It’s almost inevitable that court fees will have to rise considerably, and probably sooner than 2025/6 unless alternative funding is added direct from the Treasury, according to property lawyer David Smith (main image) of JMW.

Landlords in England and Wales will soon find fees for claiming possession of their property increasing by 10% to £391 from next month, while instructing a bailiff to enforce a possession order will rise by 10%, to £143.

The government will review court fees every two years to create a more incremental rise, explains Smith. “They will therefore look to do so again in 2025 with a rise to come in in 2026. They have been careful to also say that they are not committing to doing this and will potentially raise fees at other intervals as necessary. None of this is binding on any future government of course.”

Poor standards

The government justifies the increases as necessary to allow for more investment in the courts. However, respondents to its recent consultation complained that service standards were poor in the courts and that simply raising fees wasn’t likely to deal with the problem of underinvestment.
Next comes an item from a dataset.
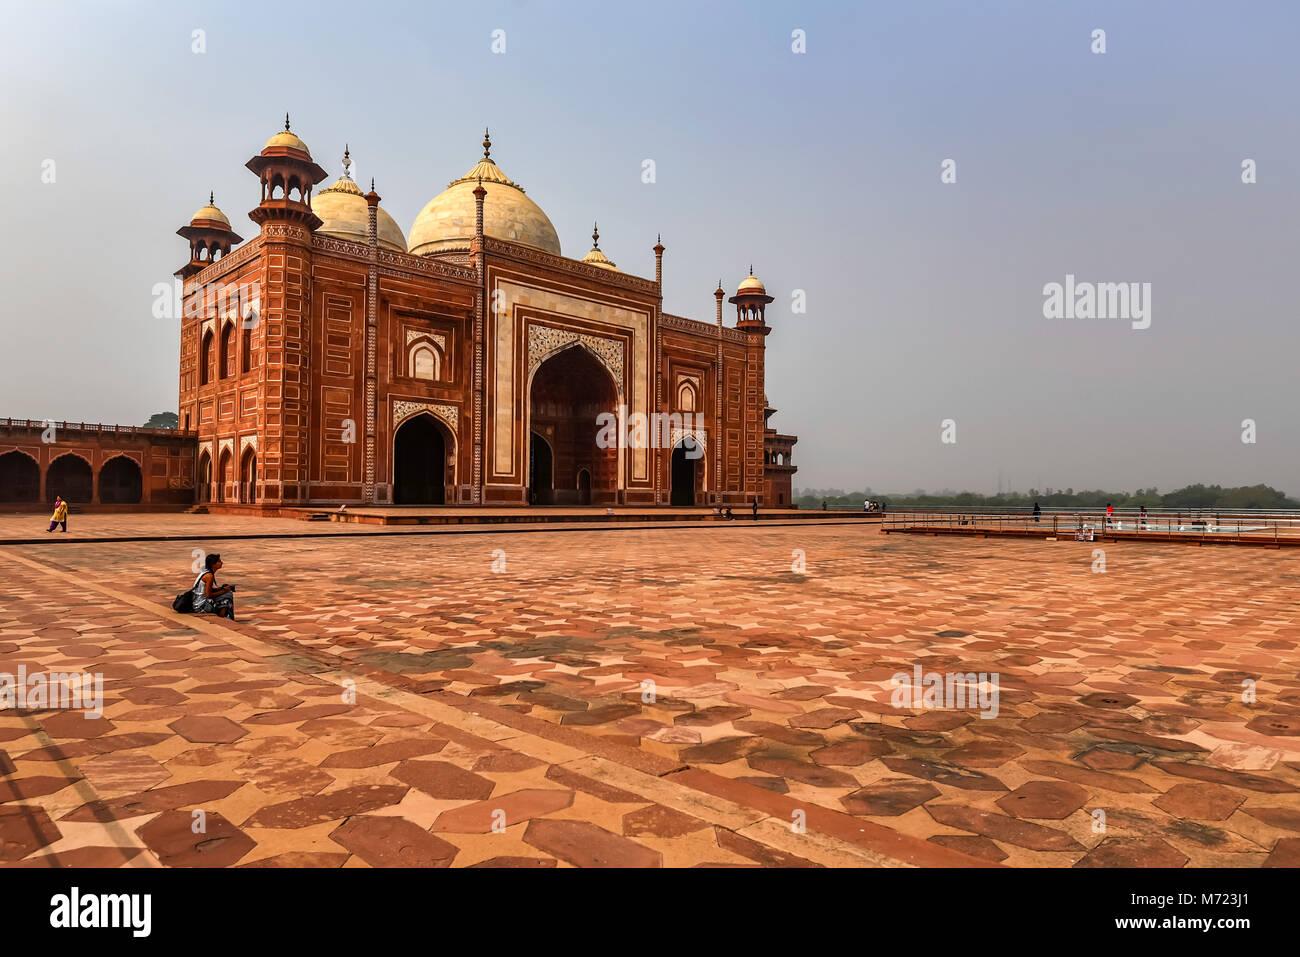 AGRA, Indien - 8. NOVEMBER 2017: Blick auf Moschee in Taj-Mahal Stockbild

“The government has not really responded to this, other than to say that the fee increases are expected to raise between £30 and £37 million and that they are investing in new systems and recruiting more judges,” says Smith.

“I doubt that these statements will mollify landlords waiting three or more months for a possession hearing to be listed or waiting six months or more for a possession order to be actioned by a court bailiff.”

He adds: “It is frustrating that with so little improvement demonstrated so far, the government considers it appropriate to make such a substantial increase.”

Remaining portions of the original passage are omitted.